BEGIN SUPPLIED DATA

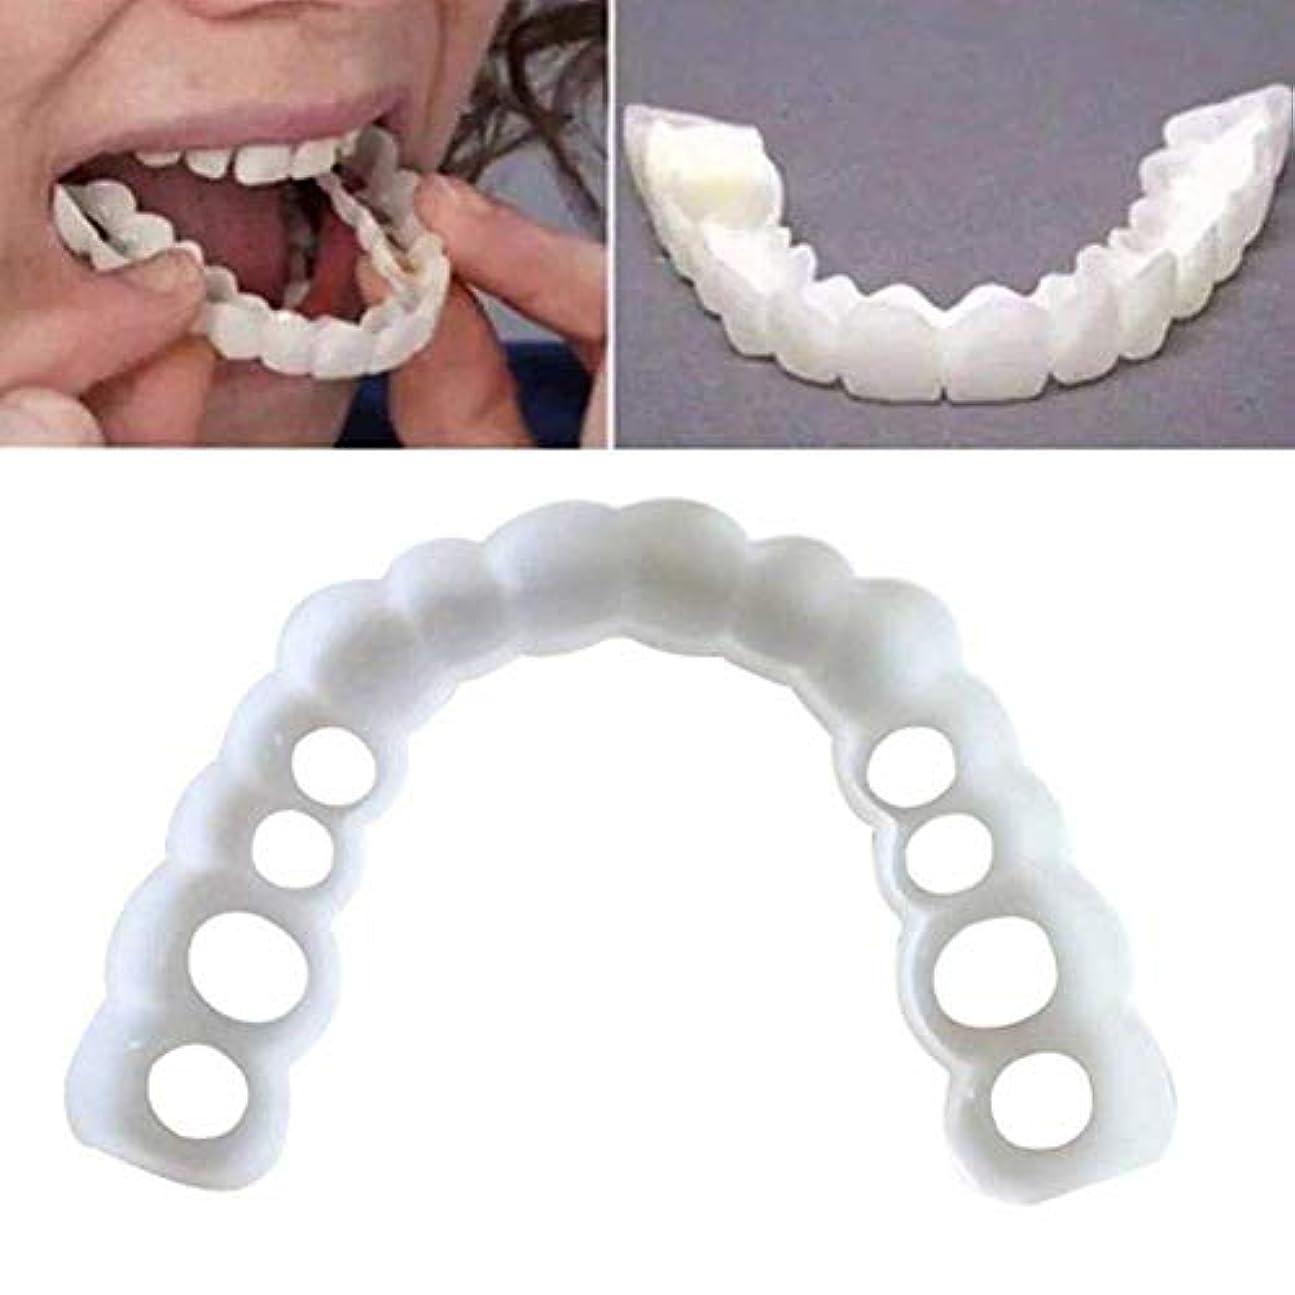 レインコートシャーク統治するソフト化粧品歯のための適切な美しいコンフォートの2ペアは、上部と下部のメイクベニアを入れ歯
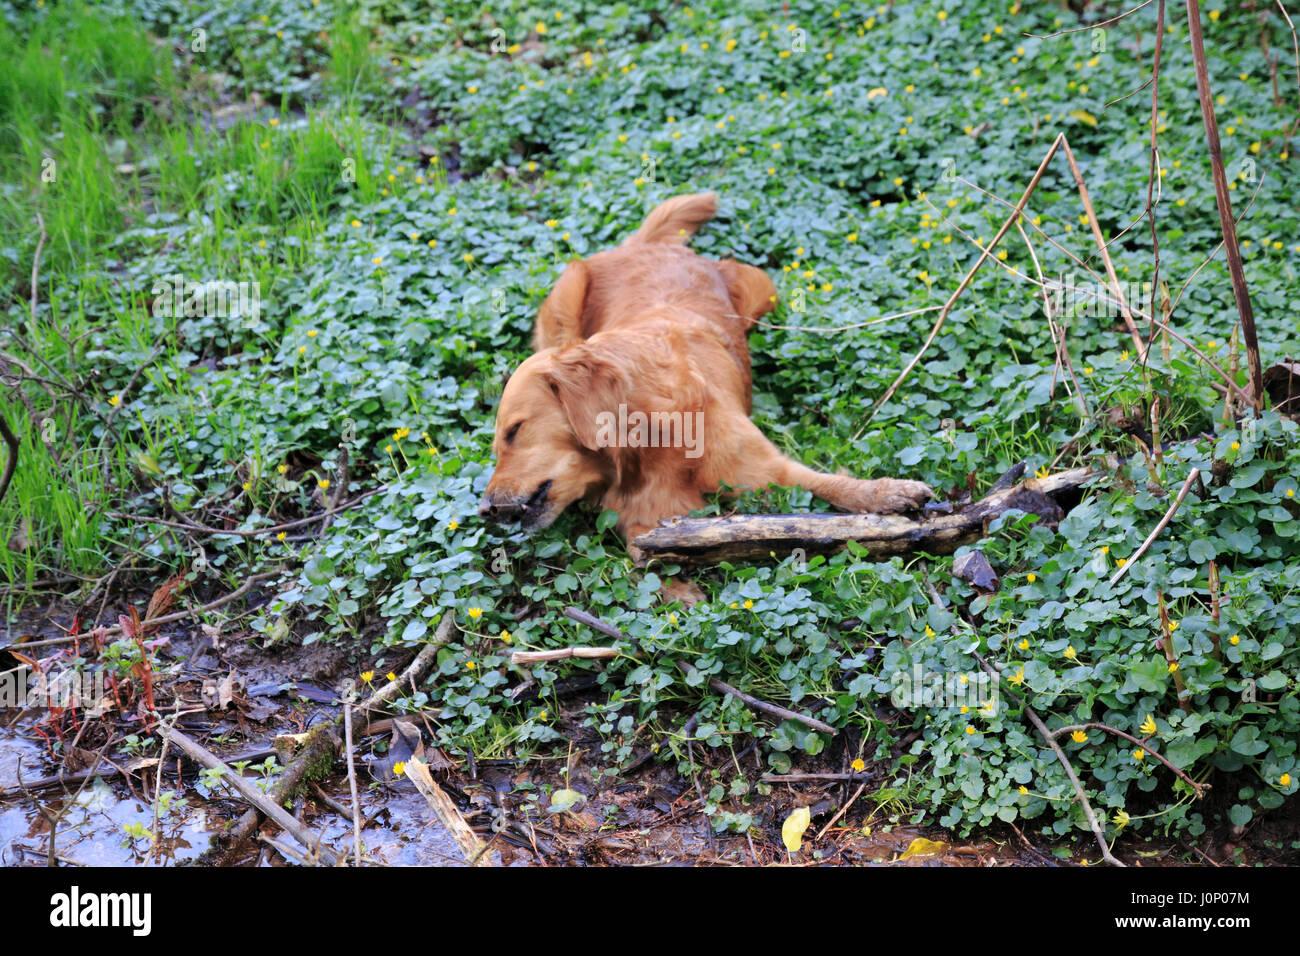 Hund Golden Redriever tod, tot, vergiftet auf einer Wiese - Stock Image
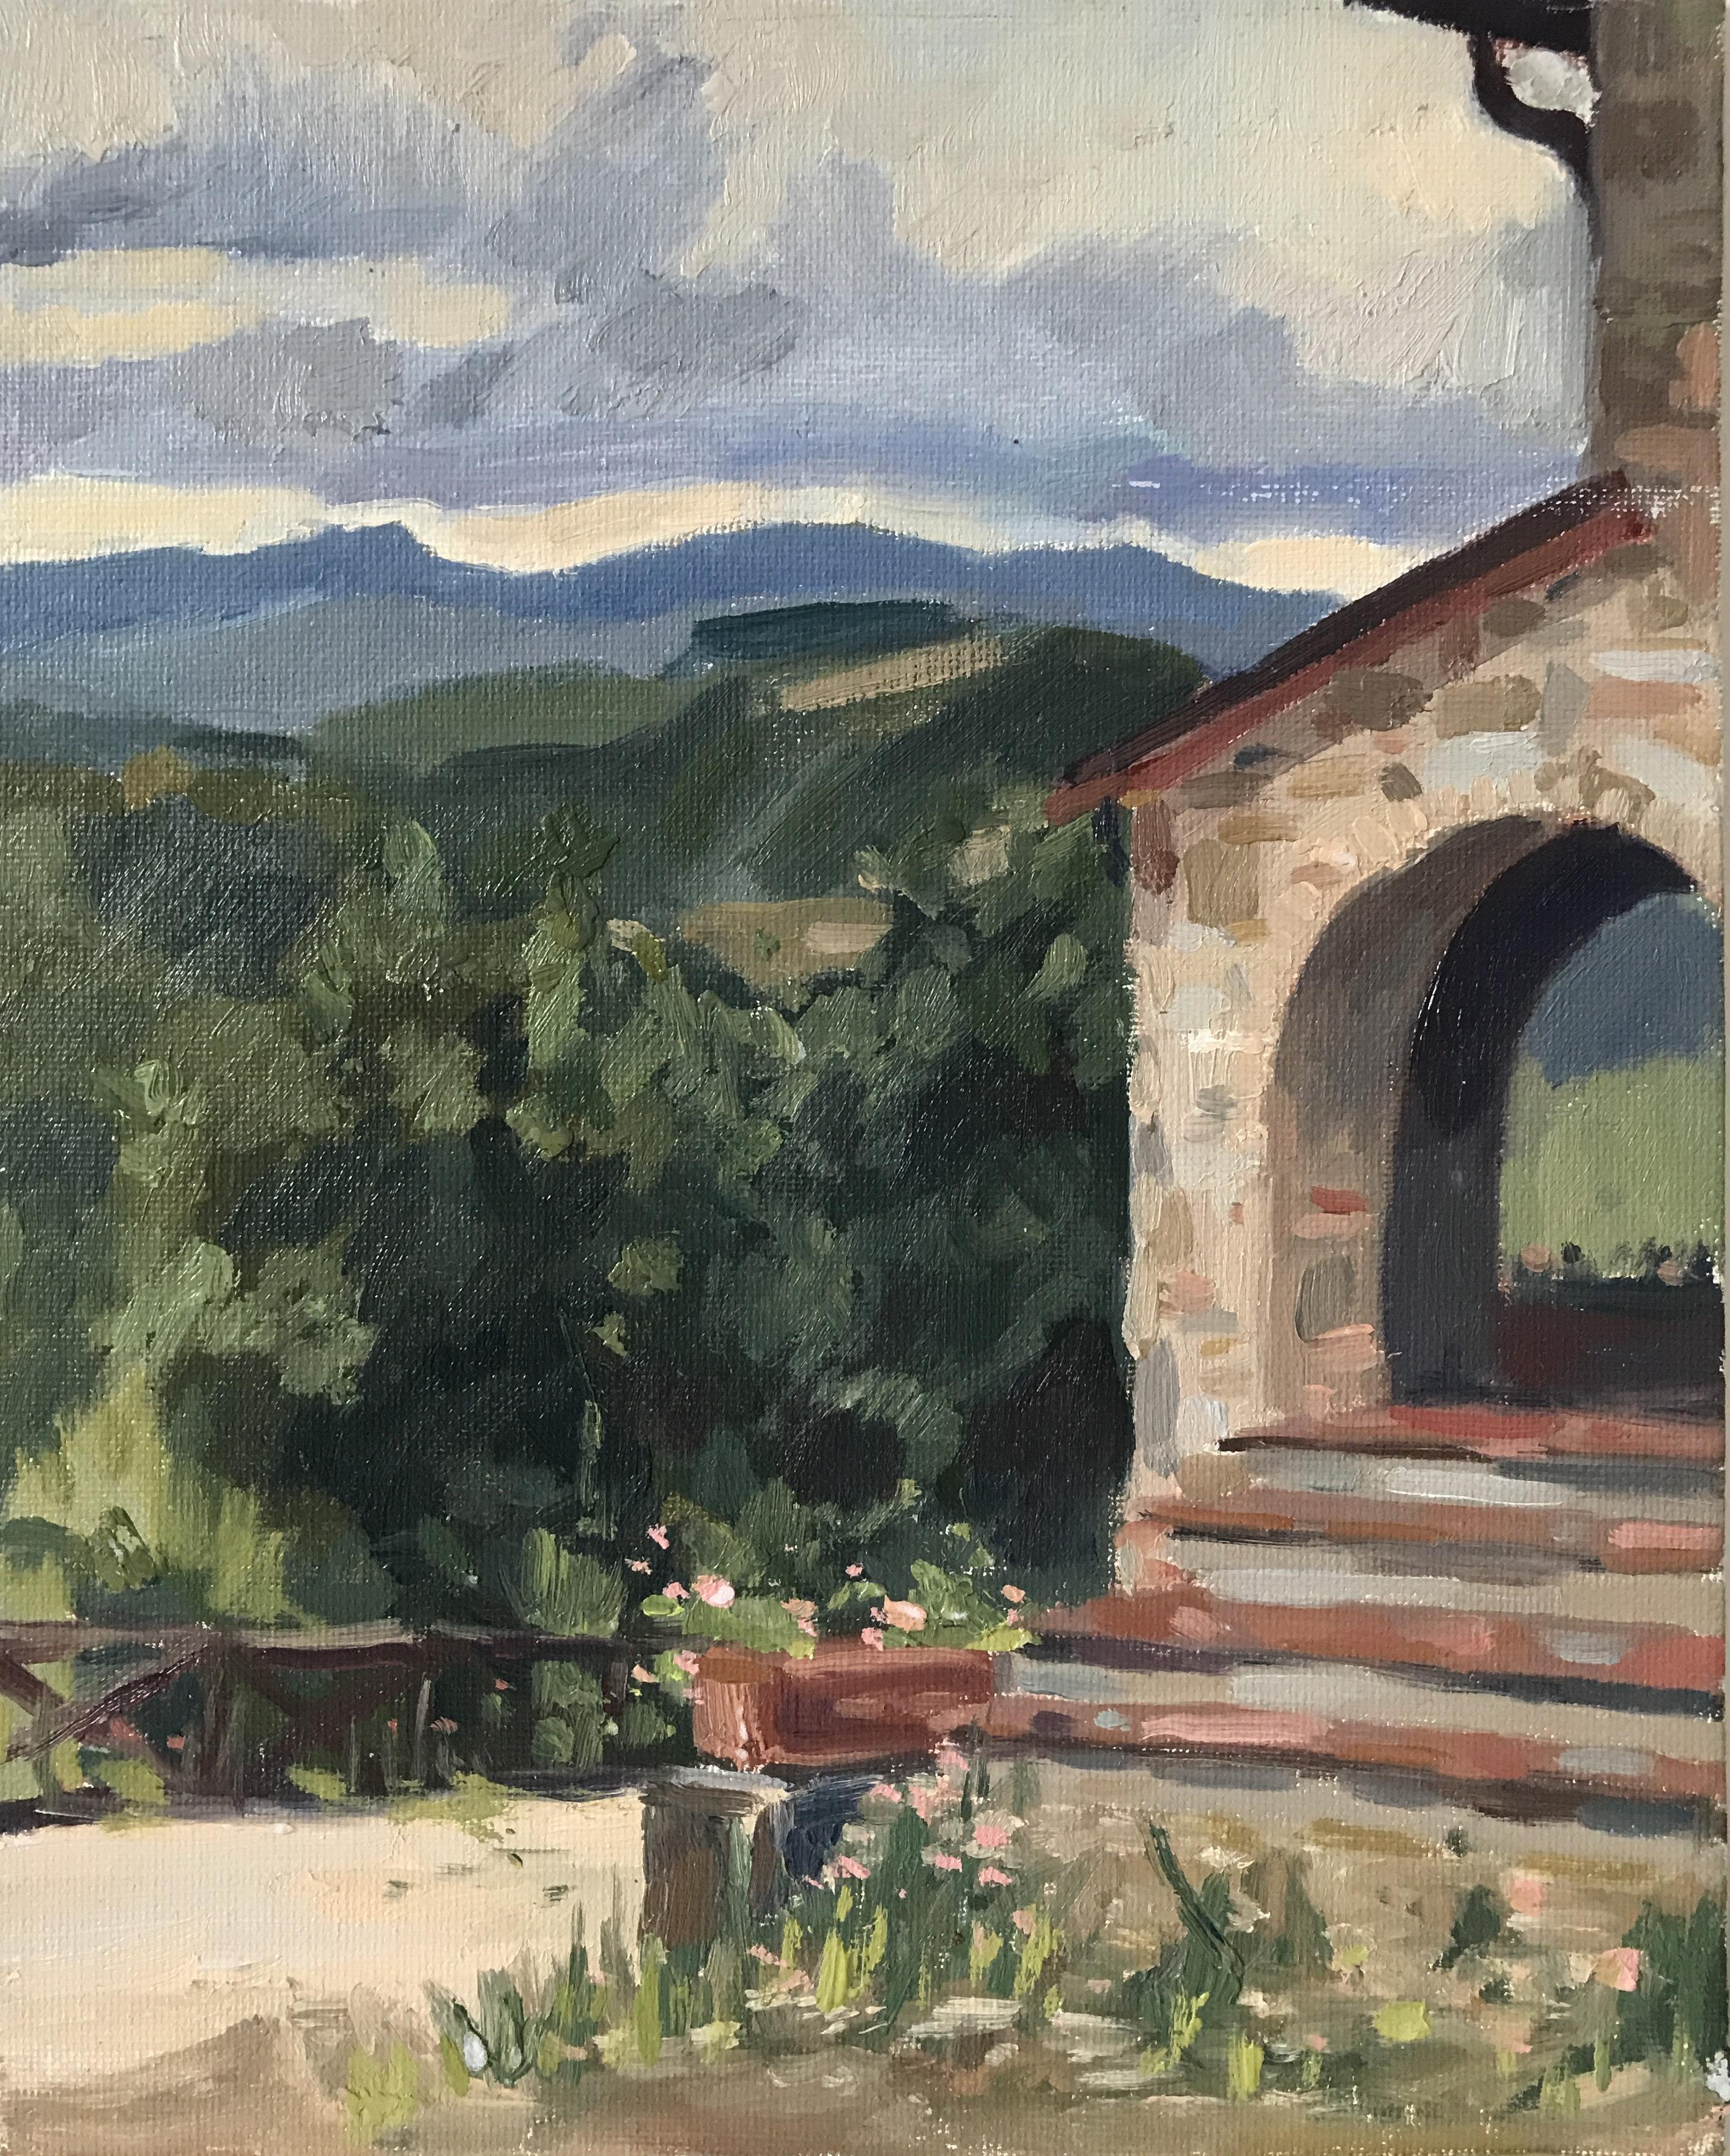 Umbrian Landscape
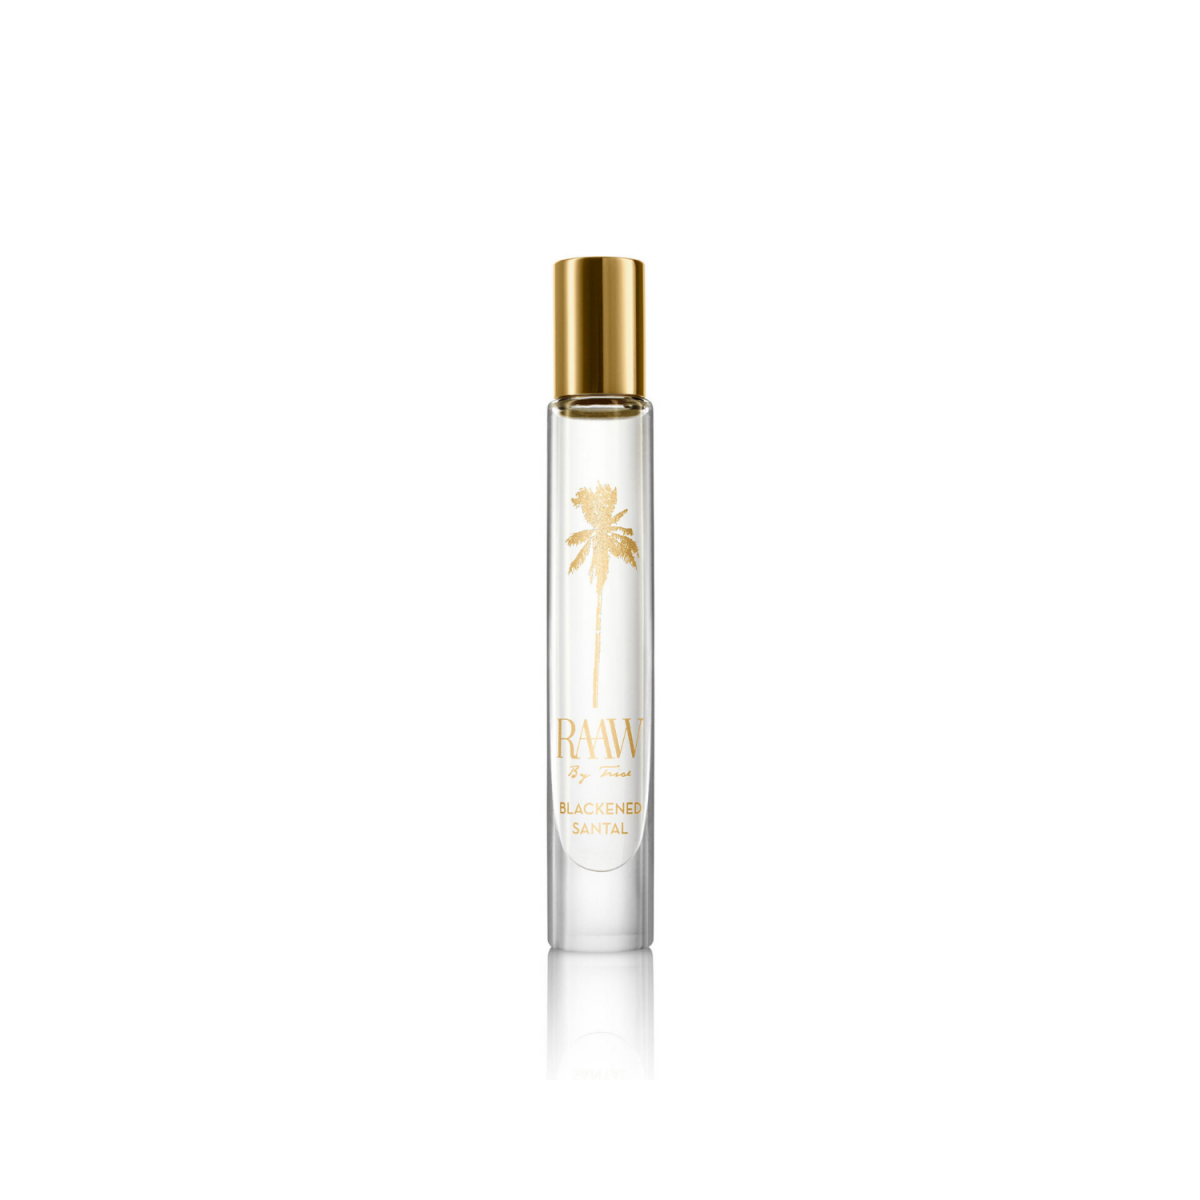 blackened santal perfume oil

END SUPPLIED DATA

ASSIGNMENT: Omit the pictures and reproduce the remaining material above exactly.

ANSWER TO THIS PROBLEM:
 レインコートシャーク統治するソフト化粧品歯のための適切な美しいコンフォートの2ペアは、上部と下部のメイクベニアを入れ歯
 Hund Golden Redriever tod, tot, vergiftet auf einer Wiese - Stock Image
 Umbrian Landscape
 blackened santal perfume oil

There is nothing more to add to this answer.